[[ Data provided, beginning ]]
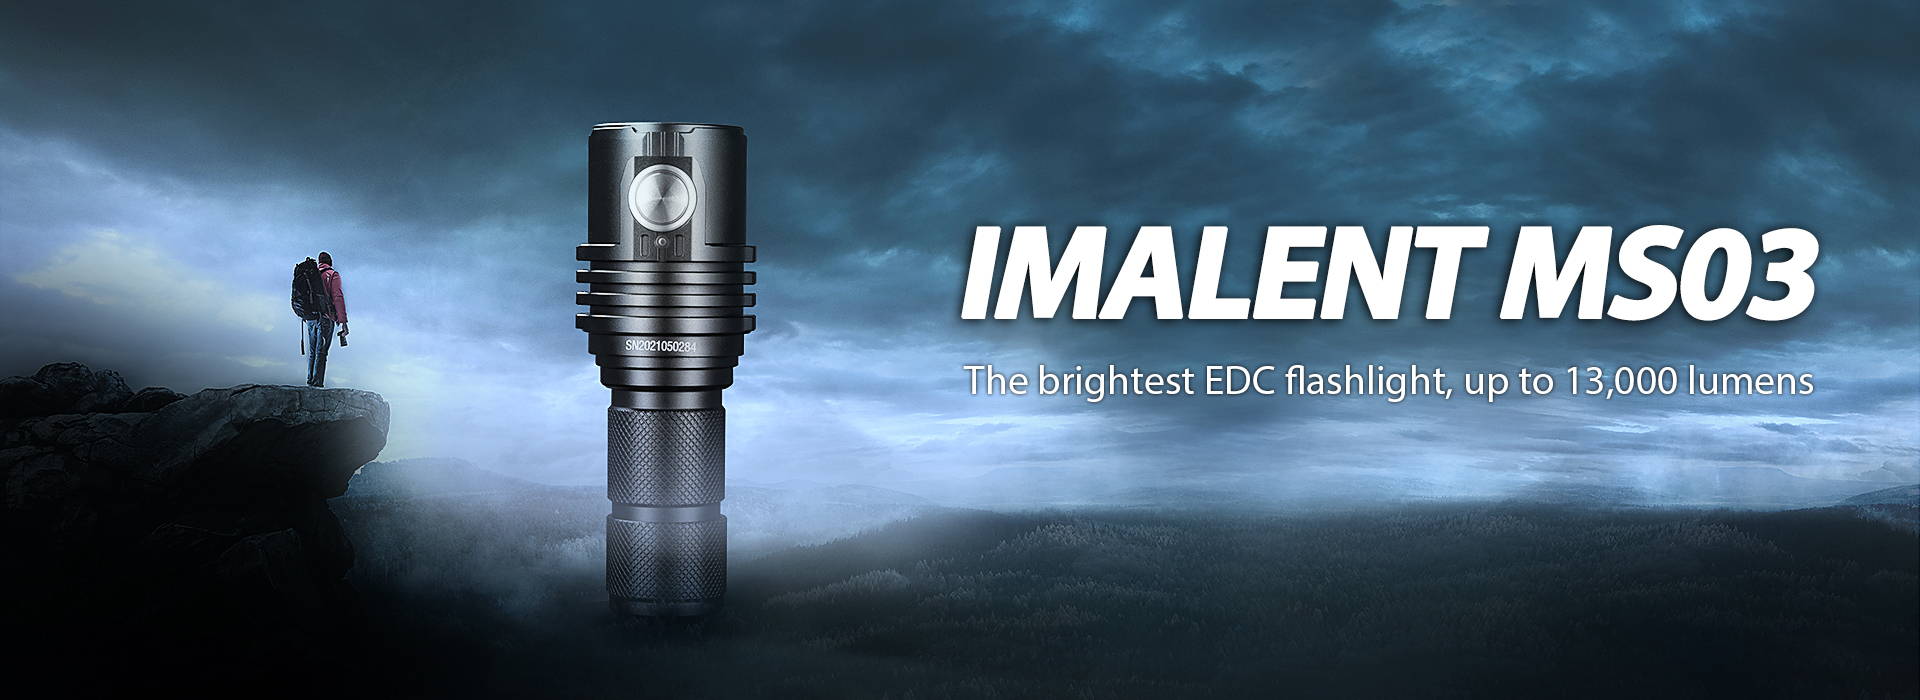 imalent ms03 brightest edc flashlight
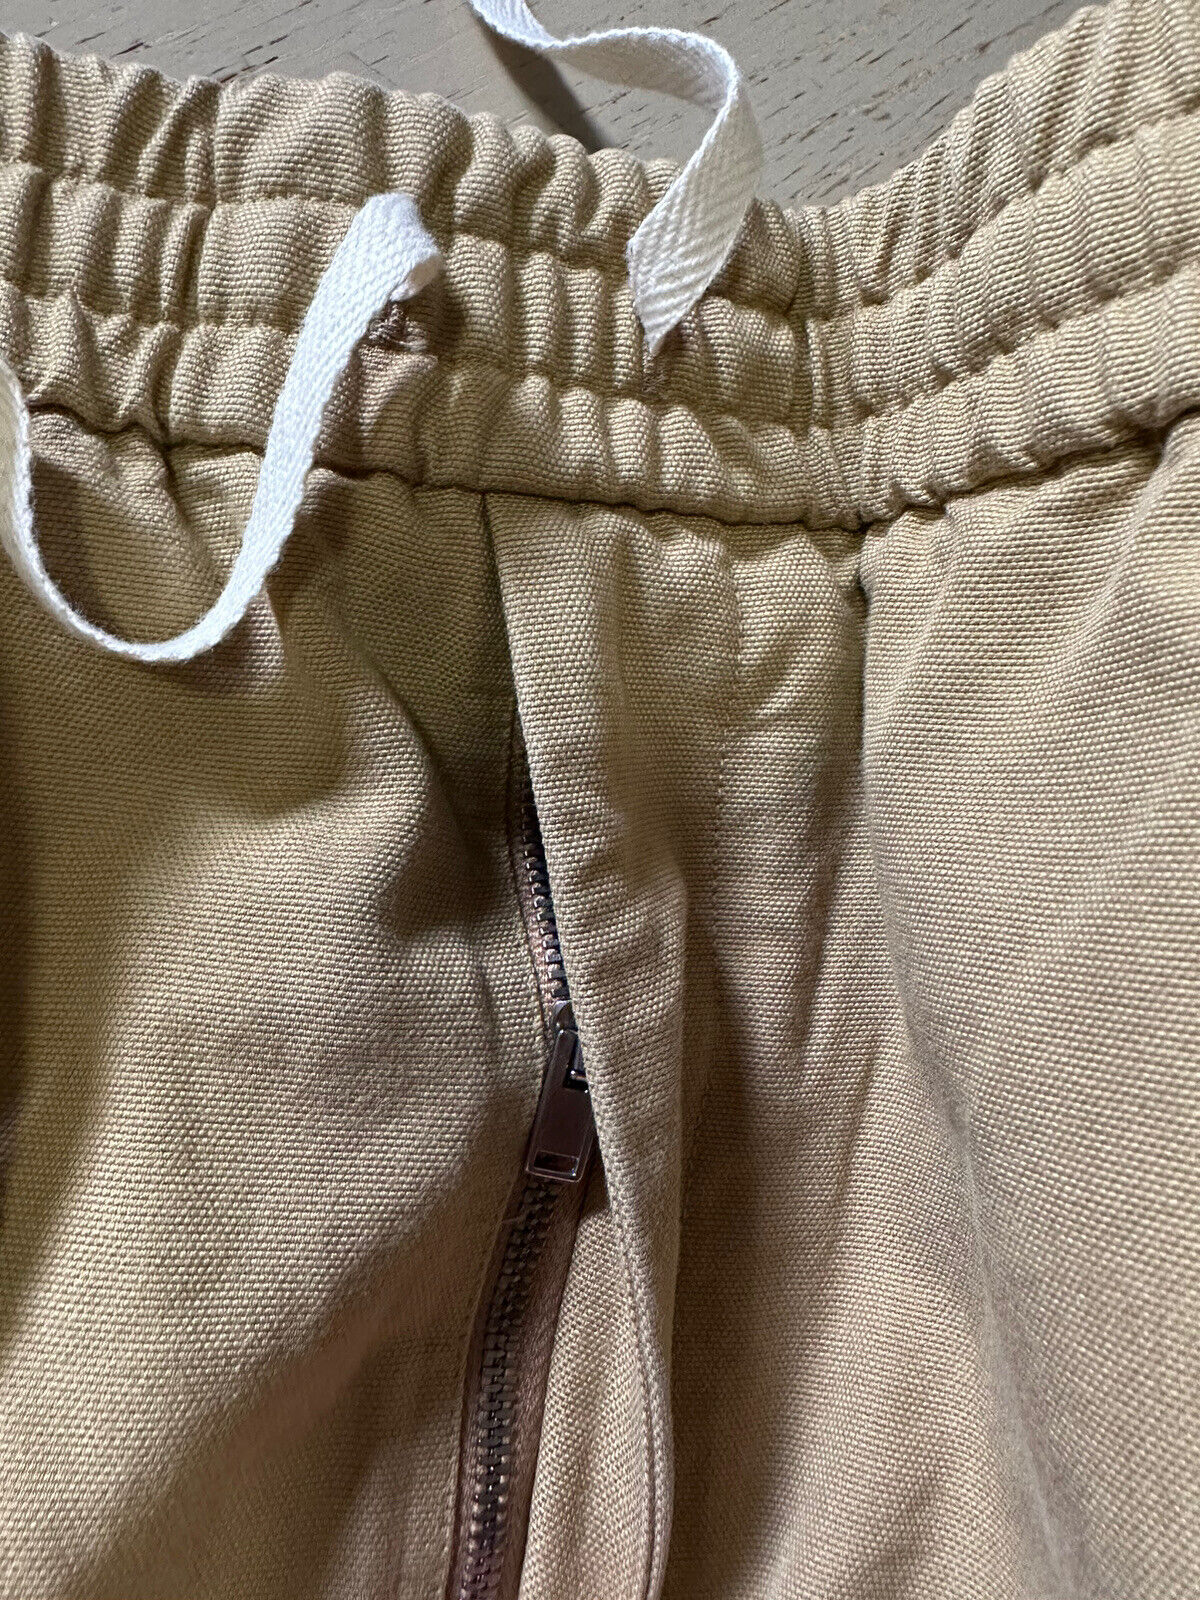 NWT $1400 Gucci Men Lweight Cotton Canvas Short Pants DK Beige/ Mul. 40 US/56 Eu
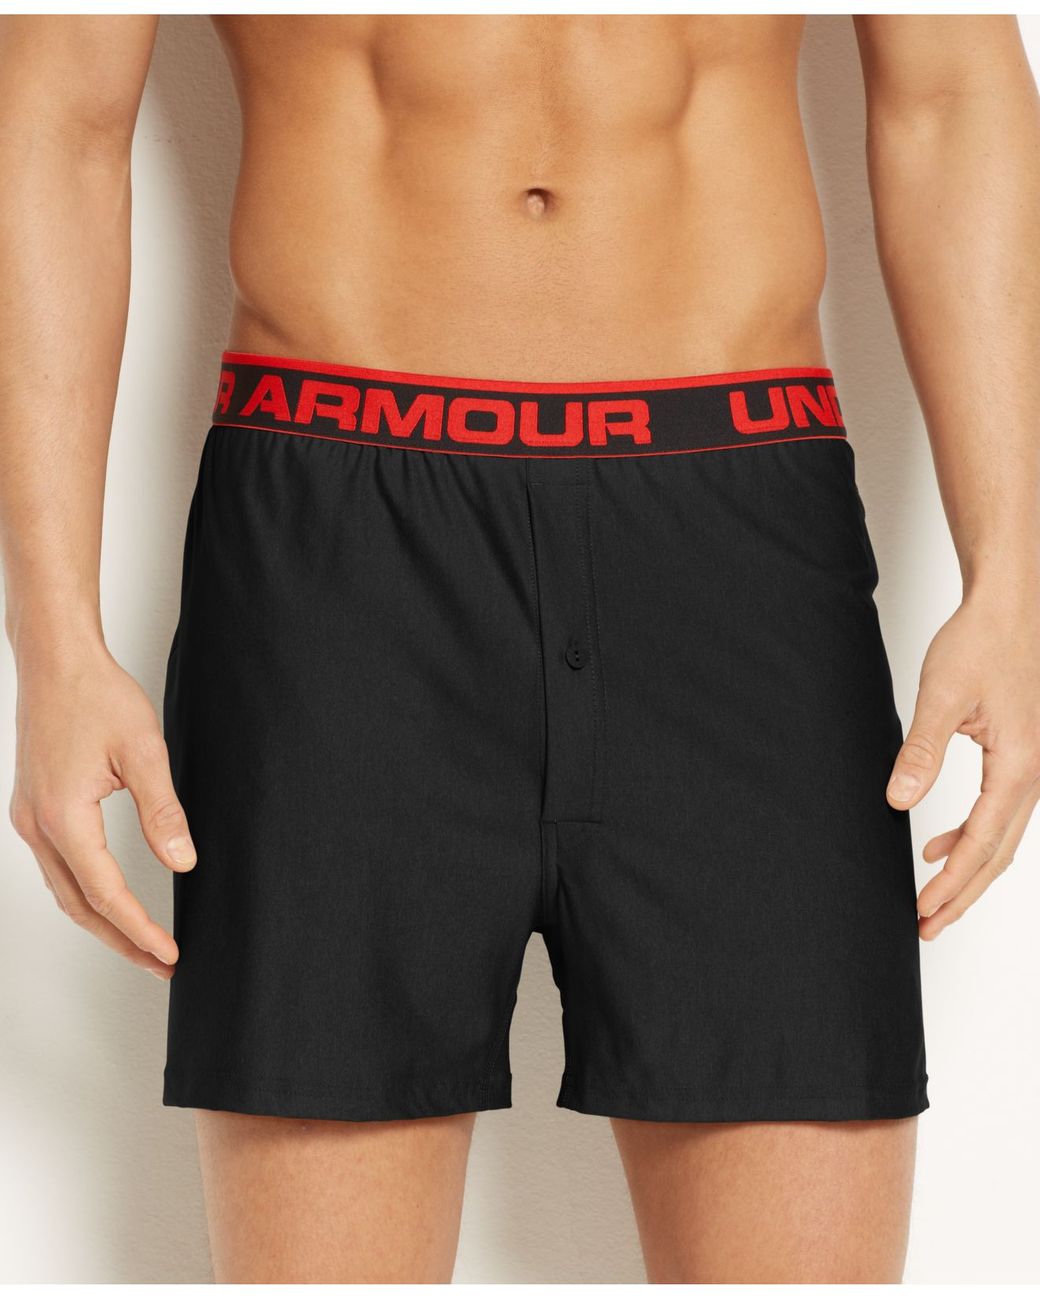 Under Armour Original Knit Boxer Loose Fit in Black for Men
[[ Data provided, end ]]
▸ Problem details
Repeat the line containing "NWT $1400 Gucci" and every line after it up to the end of the material above, exactly as they stand, minus the pictures.

▸ Task answer
 NWT $1400 Gucci Men Lweight Cotton Canvas Short Pants DK Beige/ Mul. 40 US/56 Eu
 Under Armour Original Knit Boxer Loose Fit in Black for Men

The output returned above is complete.